PROVIDED MATERIAL:
☆ ☆ ☆

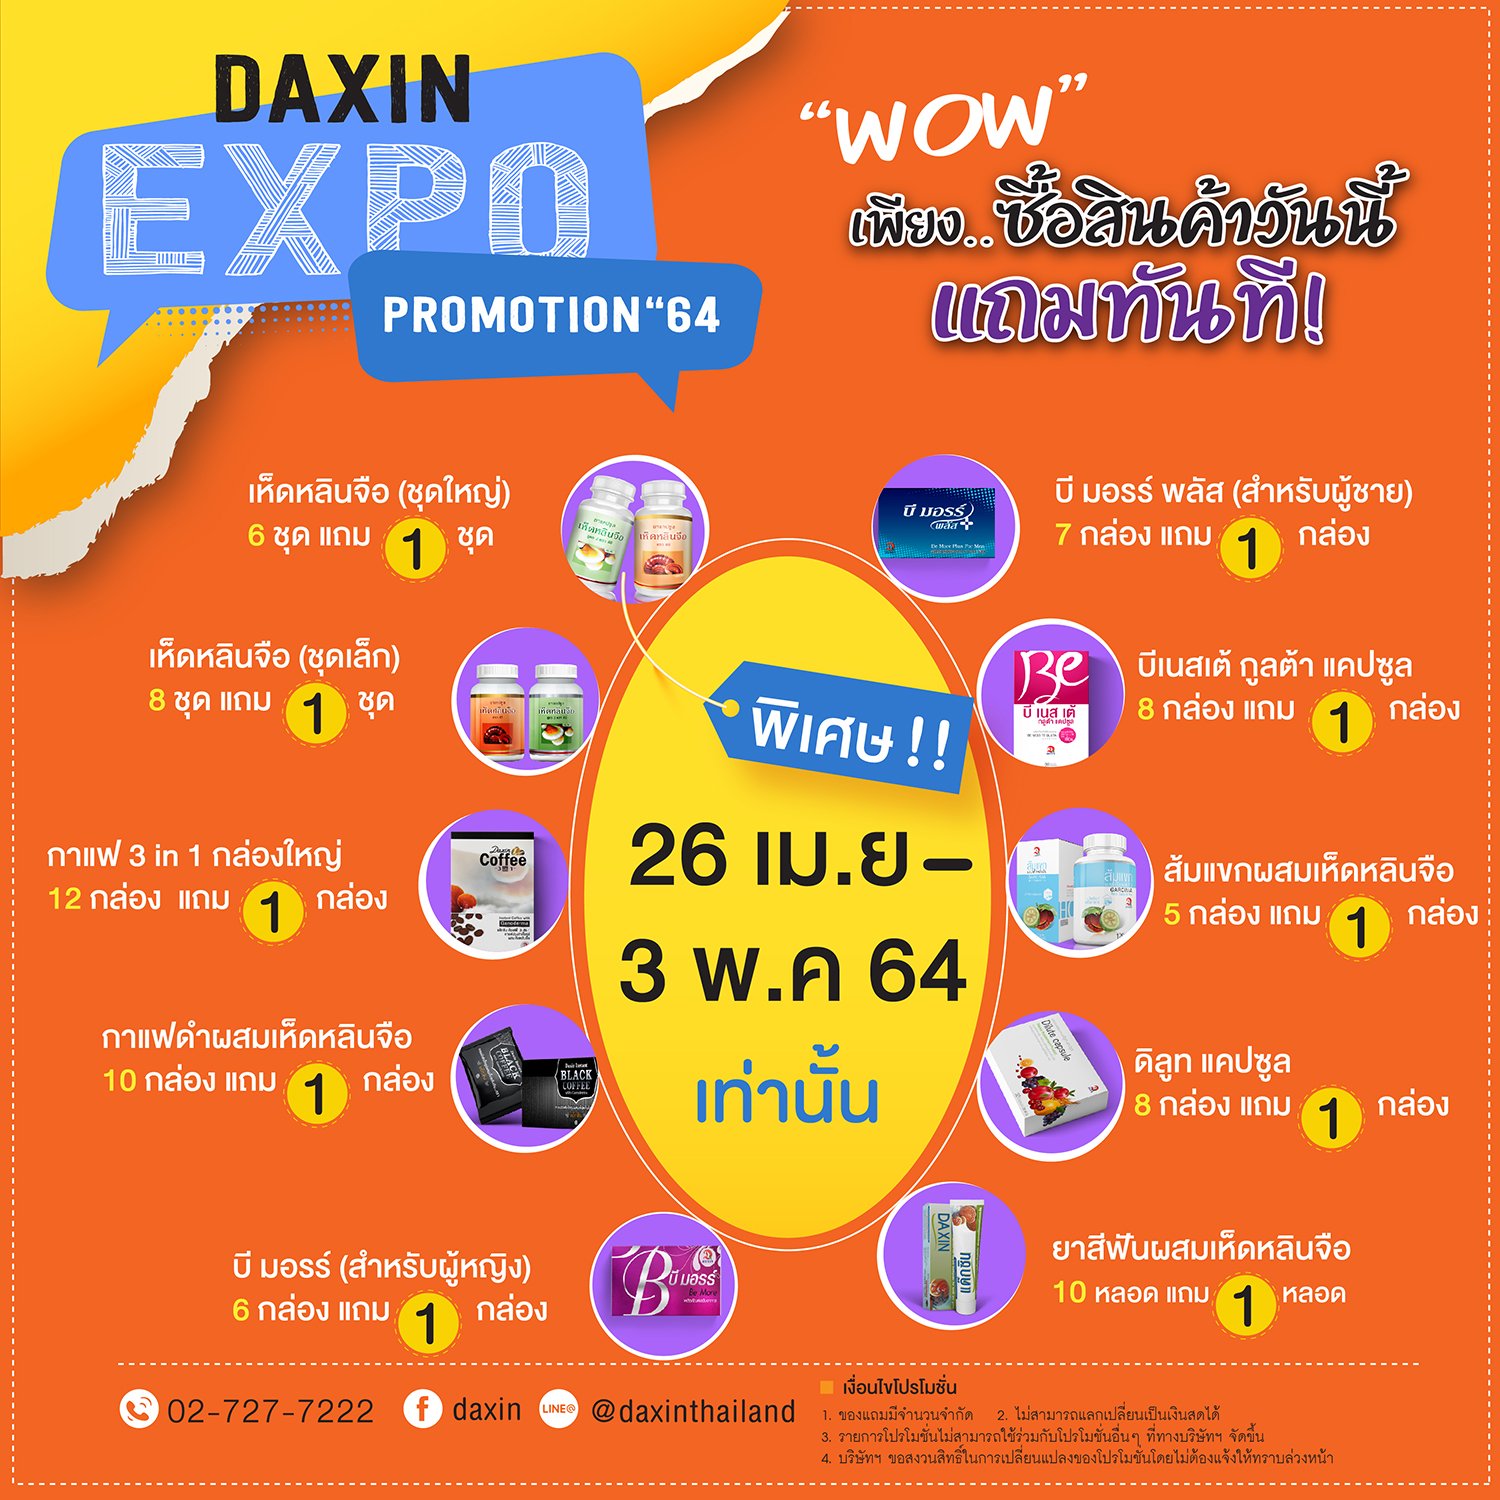 โปรโมชั่น "DAXIN EXPO PROMOTION 64"
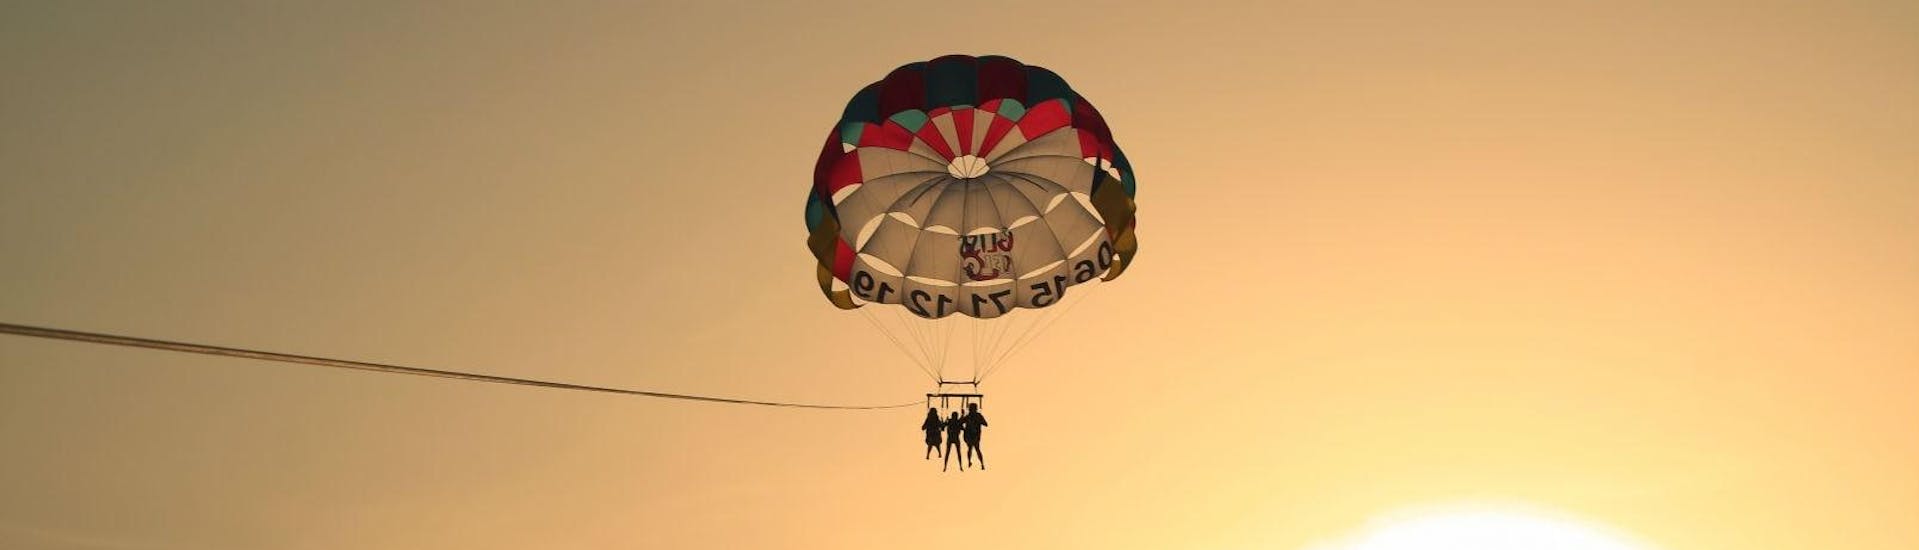 Parachute ascensionnel à Saint-Florent.
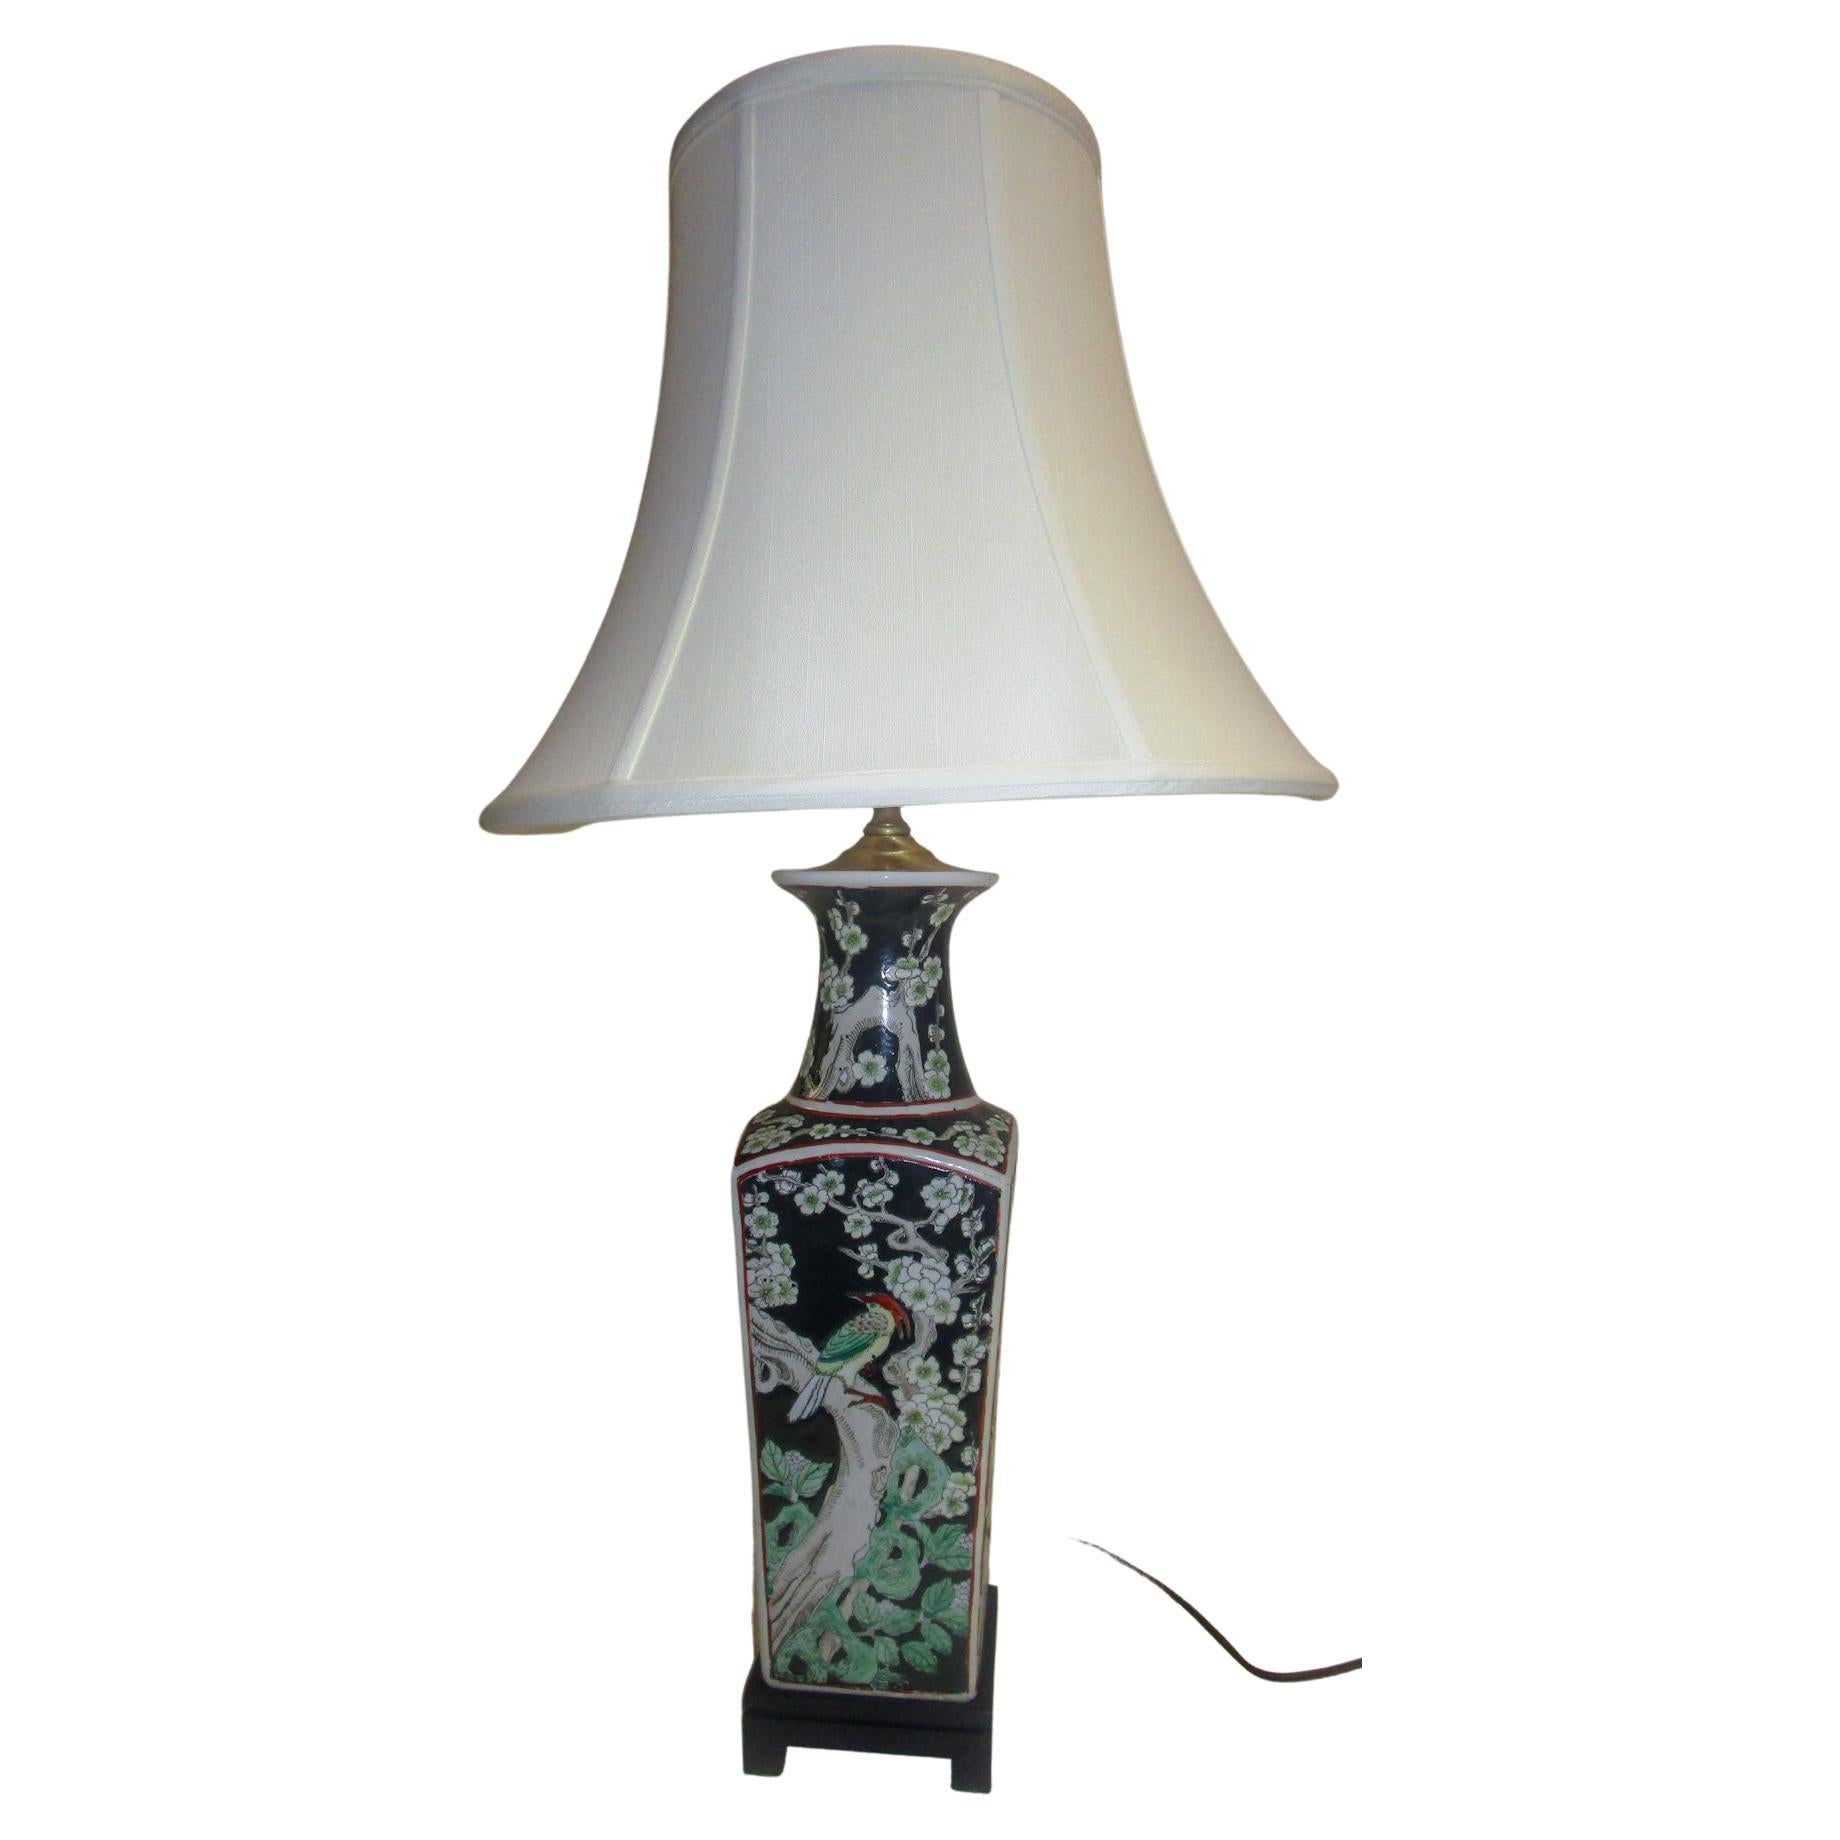 Lampe de table en céramique noire d'exportation chinoise avec motifs floraux et oiseaux

☆ ☆ ☆

None of the pictures belong in the copy. Write out exactly the lines from the line that holds "Parachute ascensionnel à Saint-Florent." through the last line of the listing above, both ends included.

FINAL ANSWER:
 Parachute ascensionnel à Saint-Florent.
 Lampe de table en céramique noire d'exportation chinoise avec motifs floraux et oiseaux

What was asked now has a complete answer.